The bodies of more than 30 people believed to be dead have reportedly been discovered near the summit of an erupting volcano in central Japan. 
A police official from Nagano prefecture told the Associated Press that the victims were not breathing and their hearts had stopped, which is the the customary way for Japanese authorities to describe a body until police doctors can examine it. The official added that the exact location where the bodies were found and the identities of the victims were not immediately known. He spoke on condition of anonymity because he wasn't authorized to speak publicly.
Nagano prefecture posted on its website that about 30 people had "heart and lung failure."  Keita Ushimaru, an official in nearby Kiso town, said that Nagano crisis management officials had informed local authorities that at least four people with heart and lung failure were being brought down to the town, and that there were others in the same condition. The journey was expected to take about three hours.

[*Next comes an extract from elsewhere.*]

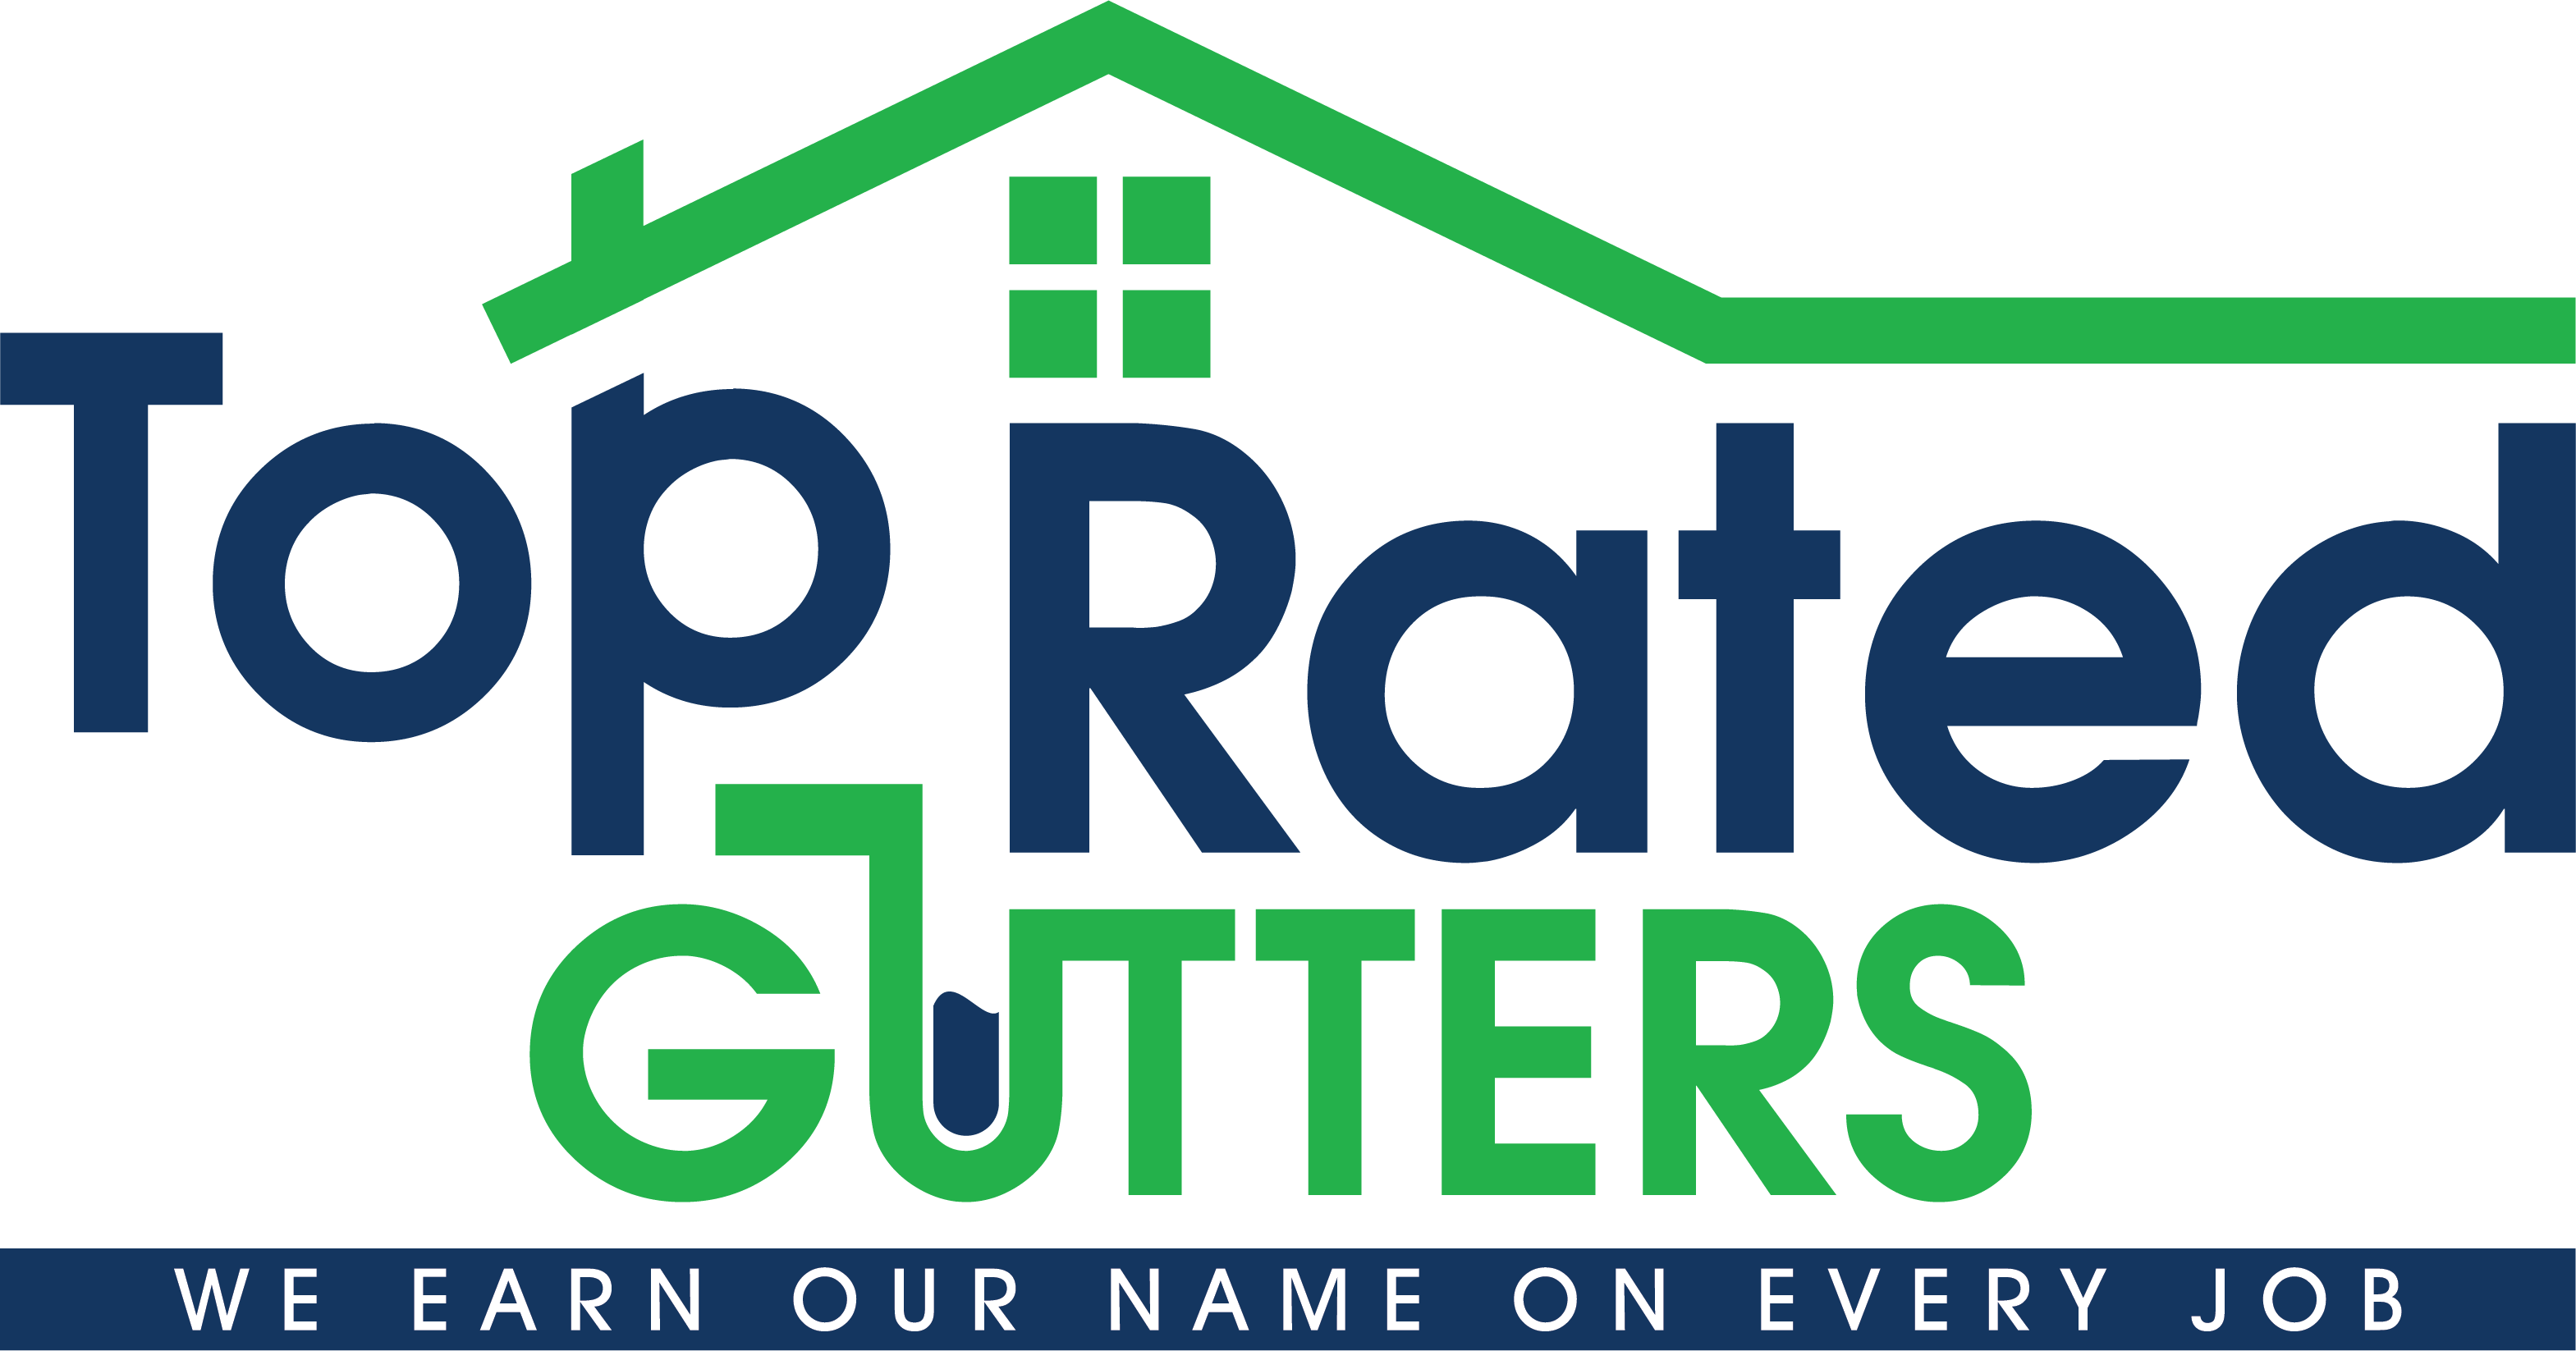 Top Rated Gutters
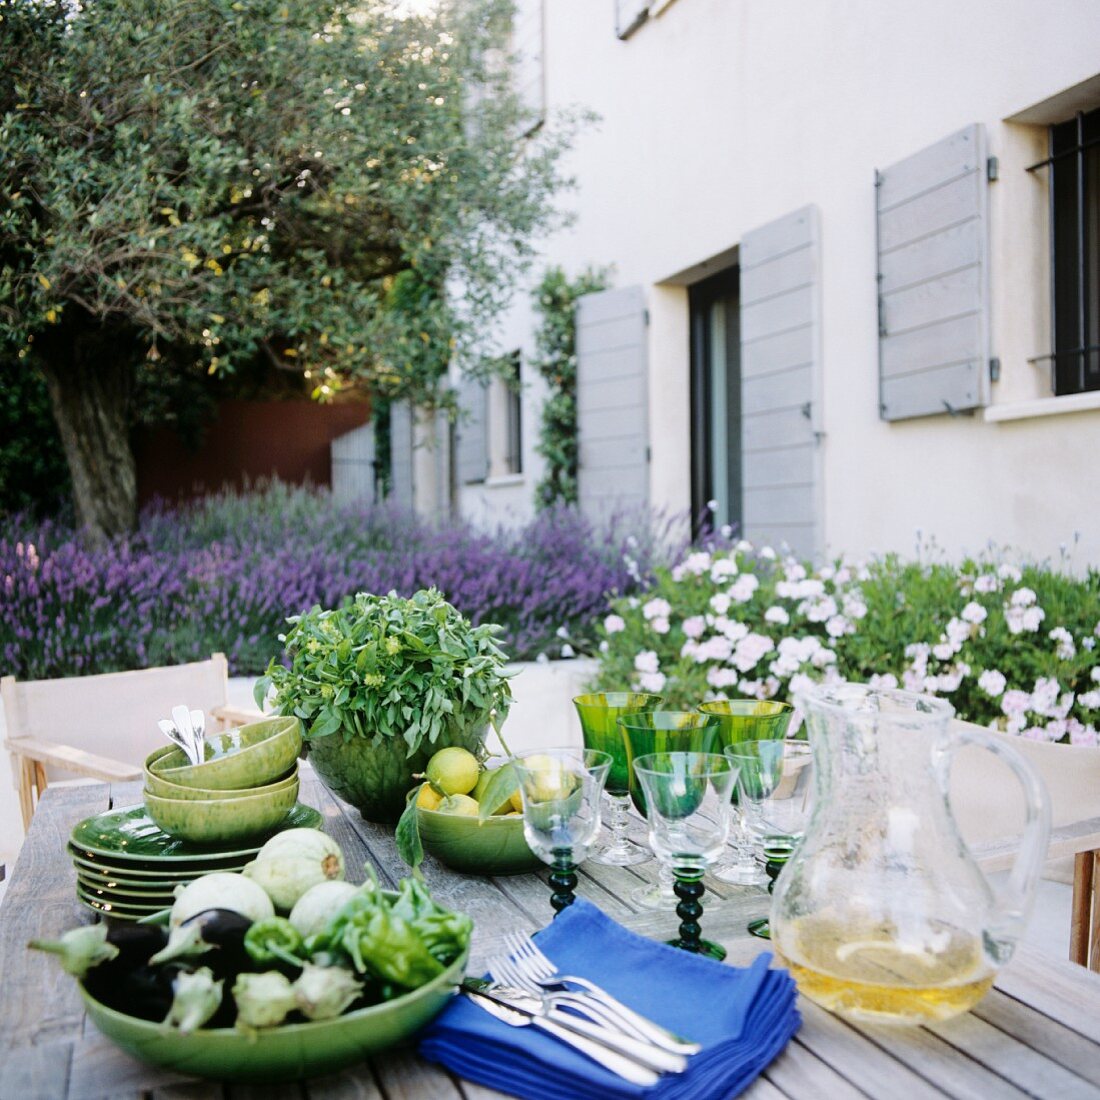 Aubergines, herbs and cutlery on wooden table outside modern Mediterranean holiday home; flowering lavender in background

Mount Ontake in central Japan erupted shortly before noon local time Saturday, spewing large white plumes of gas and ash high into the sky and blanketing the surrounding area in ash. About 250 people were initially trapped on the slopes, but most made their way down by Saturday night.
Volcanic eruptions without warning are rare in Japan, which monitors seismic activity closely. Typically, any volcanic mountains that show signs of activity are closed to hikers, but that did not appear to have happened this time. The BBC reported that Mount Ontake is a popular place to view autumn foliage. 
Earlier Sunday, military helicopters had plucked seven people from the mountainside Sunday. Japan's Fire and Disaster Management Agency said that 45 people had been reported missing and at least 34 climbers had been injured. The tally was lower than reported by local officials earlier, but the disaster agency warned that the numbers could still change.
Japanese television footage showed a soldier descending from a helicopter to an ash-covered slope, helping latch on a man and then the two of them being pulled up.
Defense Ministry official Toshihiko Muraki said that all seven people rescued Sunday were conscious and could walk, though he did not have specific details of their conditions. 
The Self-Defense Force, as Japan's military is called, has deployed seven helicopters and 250 troops. Police and fire departments are also taking part in the rescue effort.
An estimated 40 people were stranded at mountain lodges overnight, many injured and unable or unwilling to risk descending the 10,062-foot mountain on their own. Rescue workers are also trying to reach the area on foot.
A large plume, a mixture of white and gray, continued to rise from the ash-covered summit of the volcano Sunday morning, visible from the nearby village of Otaki. A convoy of red fire trucks, sirens blaring, and rescue workers on foot headed past barriers into the restricted zone around the mountain.
Shinichi Shimohara, who works at a shrine at the foot of the mountain, said he was on his way up Saturday morning when he heard a loud noise that sounded like strong winds followed by "thunder" as the volcano erupted.
"For a while I heard thunder pounding a number of times," he said. "Soon after, some climbers started descending. They were all covered with ash, completely white. I thought to myself, this must be really serious."
Mount Ontake, about 130 miles west of Tokyo, sits on the border of Nagano and Gifu prefectures, on the main Japanese island of Honshu. The volcano's last major eruption was in 1979.